Wherein, the audio coding system is configured to the signaling (S) for the coded format that output indication is currently selected and made it possible to The side information (α) of the enough parameter reconstruct that the M channel audio signals are carried out based on the lower mixed signal.

37. audio coding system according to claim 36, is configured to also to M₂Channel audio signal (R, RS, RB, TFR, TBR) encoded,

Wherein, the control unit is configured to repeat selection to the M channel audio signals and the M₂Channel audio signal is effective One of coded format,

The system also includes other coding unit, and it is communicatively coupled to the control unit, and is configured to according to by institute The coded format of control unit selection is stated to the M₂Channel audio signal is encoded.

38. a kind of computer program product, including with for any in perform claim requirement 1 to 19 and claim 23 to 35 The computer-readable medium of the instruction of method described in.

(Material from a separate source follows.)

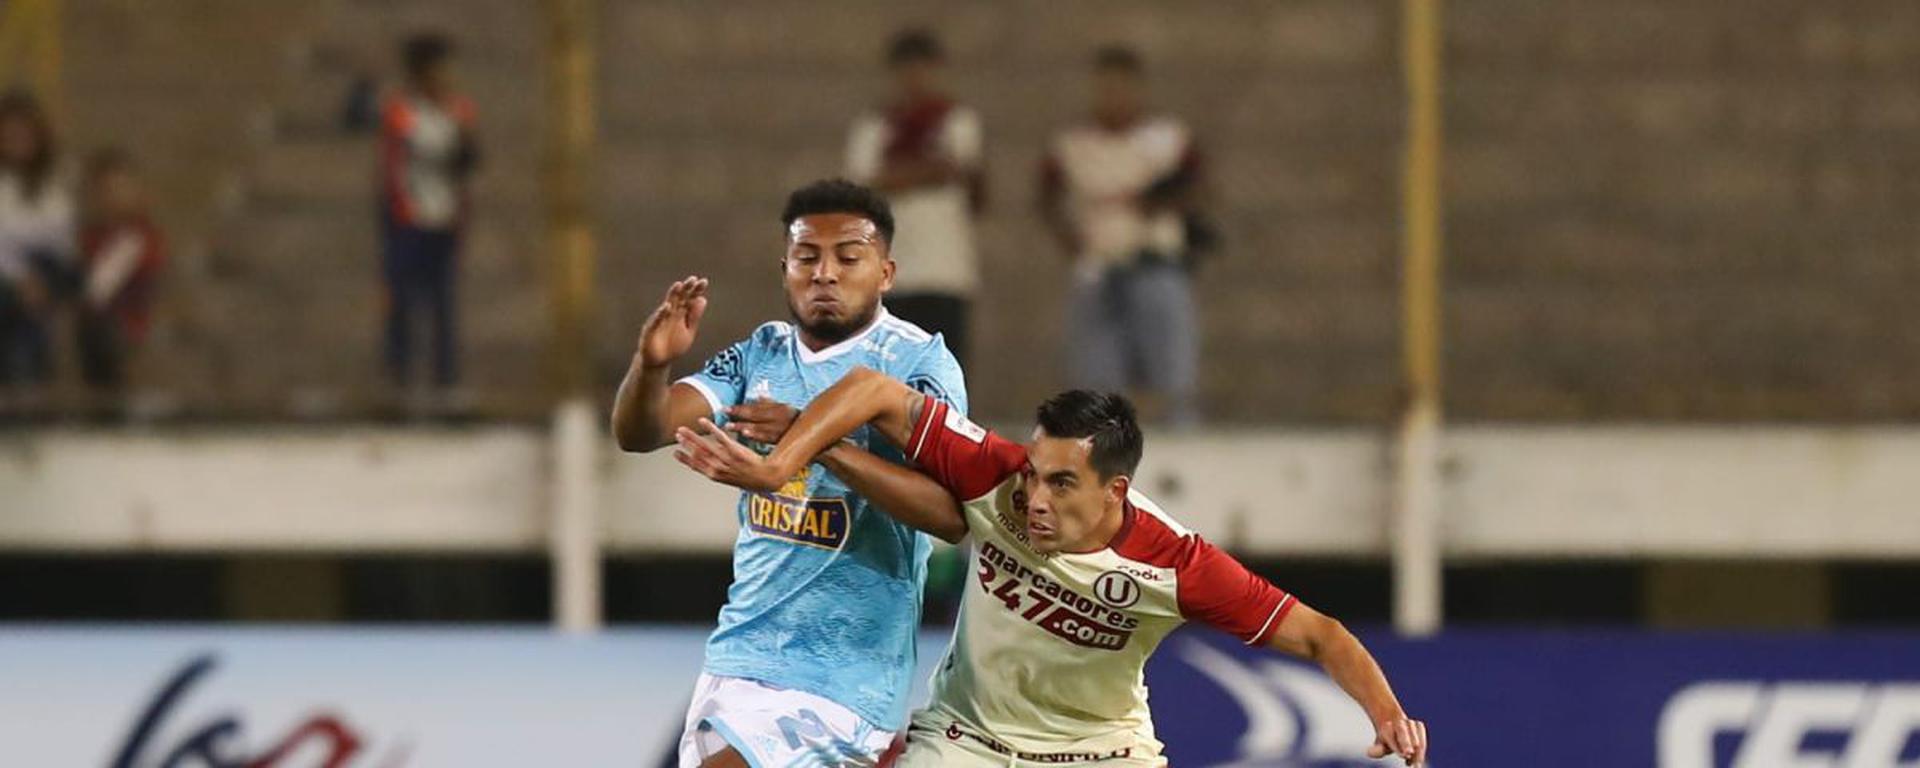 Las reformas del fútbol peruano en debate: posturas sobre los cambios anunciados por la FPF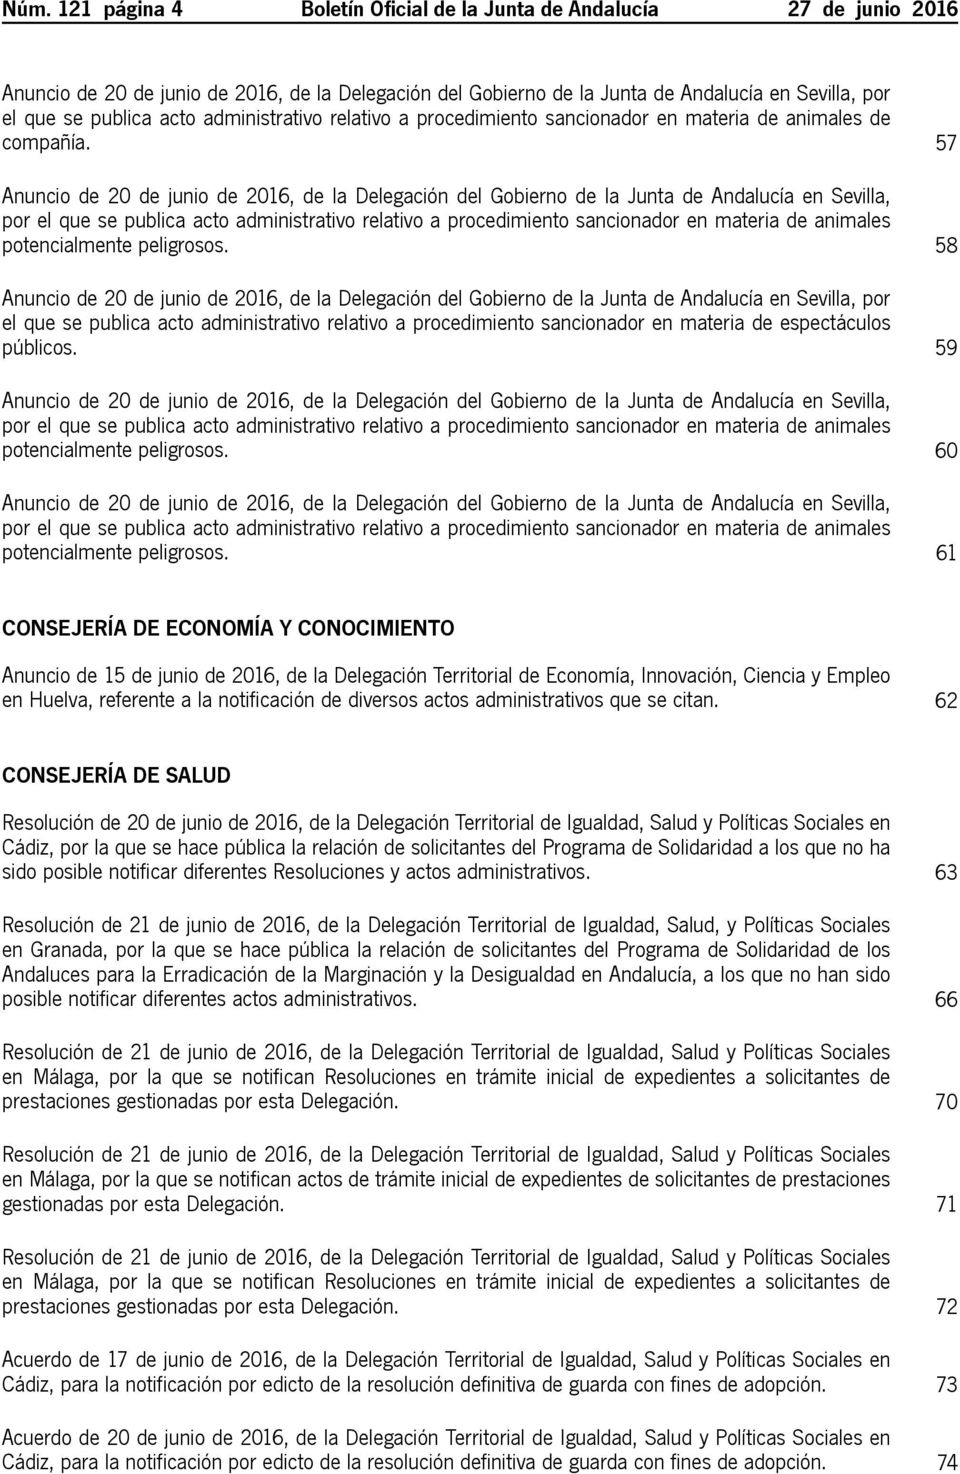 57 Anuncio de 20 de junio de 2016, de la Delegación del Gobierno de la Junta de Andalucía en Sevilla, por el que se publica acto administrativo relativo a procedimiento sancionador en materia de

39. a kind of computer-readable medium, the computer-readable medium storage represents the information of M channel audio signals, wherein, The audio signal represents according to the one kind selected in multiple predefined coded formats, in the predefined coded format extremely Few two kinds of predefined coded formats are corresponding with each different demarcation, and the passage of the M channel audio signals is assigned in the division In corresponding first group and second group of one or more passages,

Described information includes：

Indicate the signaling (S) of coded format currently selected；

Signal (L is mixed under binary channels₁,L₂), its have with the division according to the coded format currently selected described in First group with second group of corresponding passage；And

Make it possible to carry out the side information of the parameter reconstruct of the M channel audio signals based on the lower mixed signal,

Wherein, the part of two Time Continuous of the M channel audio signals is represented according to different coded formats, and by Change section connection, wherein, lower mixed signal is compiled by the lower mixed signal of the first coded format according to selection and according to the second of selection The cross compound turbine of the lower mixed signal of code form is substituted.